Question

Calculate the wavelength of hydrogen like atom $Fe\left( {26} \right)$ in Lyman series$\left( {{n_2} = 2,{n_1} = 1} \right)$. The value of$R = 1.097 \times {10^{ - 7}}m$.

Answer 1

Hint: We Understand that the Lyman arrangement is a hydrogen unearthly arrangement of changes and coming about bright discharge lines of the hydrogen iota as an electron goes from \[n \geqslant 2\]to $n = 1$ (where n is the key quantum number), the most reduced energy level of the electron.
The variant of the Rydberg recipe that produced the Lyman arrangement was,
$\dfrac{1}{\lambda } = {R_H}\left( {1 - \dfrac{1}{{{n^2}}}} \right)$

Complete step by step answer:
The outflow range of nuclear hydrogen has been partitioned into various unearthly arrangements, with frequencies given by the Rydberg technique. These watched phantom lines are because of the electron making advances between two energy levels in a molecule.
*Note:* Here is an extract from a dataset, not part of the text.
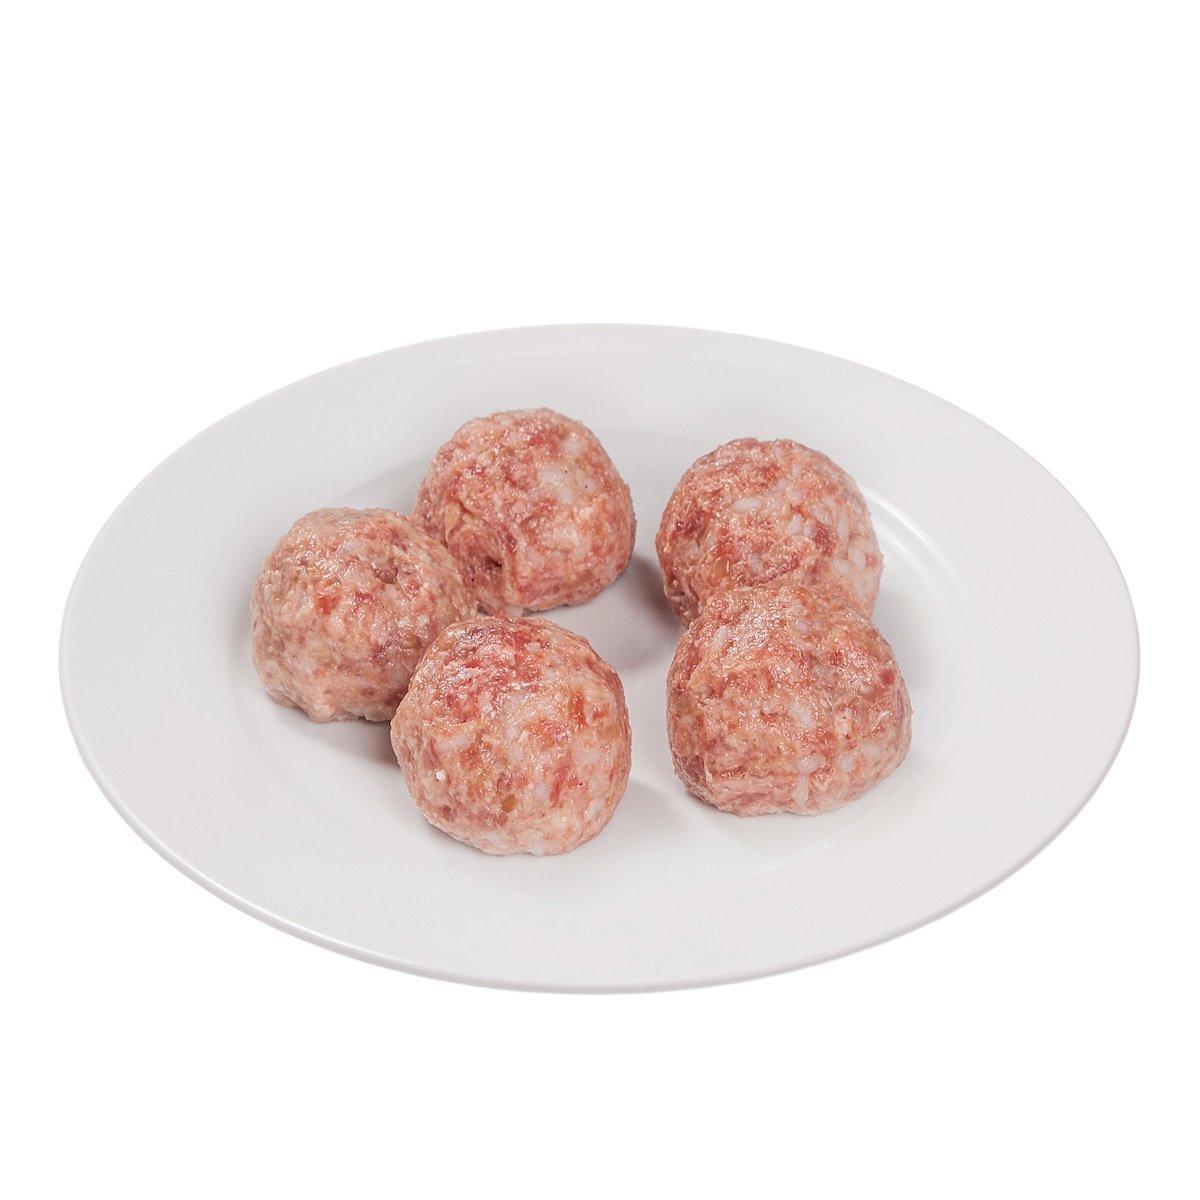 Свино-говяжьи тефтели (п/ф)

The arrangement of the arrangement by the Rydberg recipe was significant in the advancement of quantum mechanics. The ghostly arrangements are significant in cosmic spectroscopy for identifying the presence of hydrogen and figuring red movements.
It is given that${n_1} = 1$, and${n_2} = 2$.
The Rydberg constant is$1.091 \times {10^{ - 7}}m$.
For most limited frequency in Lyman arrangement, the energy contrast in two states demonstrating change should be greatest.
Thus,
$\Rightarrow$ $\dfrac{1}{\lambda } = {R_H}\left( {\dfrac{1}{{{1^2}}} - \dfrac{1}{{{2^2}}}} \right)$
$\Rightarrow$ $\lambda = \dfrac{4}{3} \times \dfrac{1}{{{R_H}}}$
We can substitute the given value we get,
$ \Rightarrow \lambda = \dfrac{4}{{3 \times 1.091 \times {{10}^{ - 7}}m}}$
$\lambda = 1215.7{A^ \circ }$

Note:
We have to remember that a hydrogen molecule consists of an electron circling its core. The electromagnetic power between the electron and the atomic proton prompts a bunch of quantum states for the electron, each with its own energy. These states were envisioned by the Bohr model of the hydrogen atom as being particular circles around the core. Every energy state, or circle, is assigned by a number n. The Bohr model was later supplanted by quantum mechanics in which the electron possesses a nuclear orbital as opposed to a circle, yet the permitted energy levels of the hydrogen particle continued as before as in the prior hypothesis.
Ghastly emanation happens when an electron advances, or bounces, from a higher energy state to a lower energy state. To recognize the two expressions, the lower energy state is normally assigned as n′, and the higher energy state is assigned as n. The energy of a produced photon relates to the energy contrast between the two states. Since the energy of each state is fixed, the energy contrast between them is fixed, and the progress will consistently create a photon with a similar energy.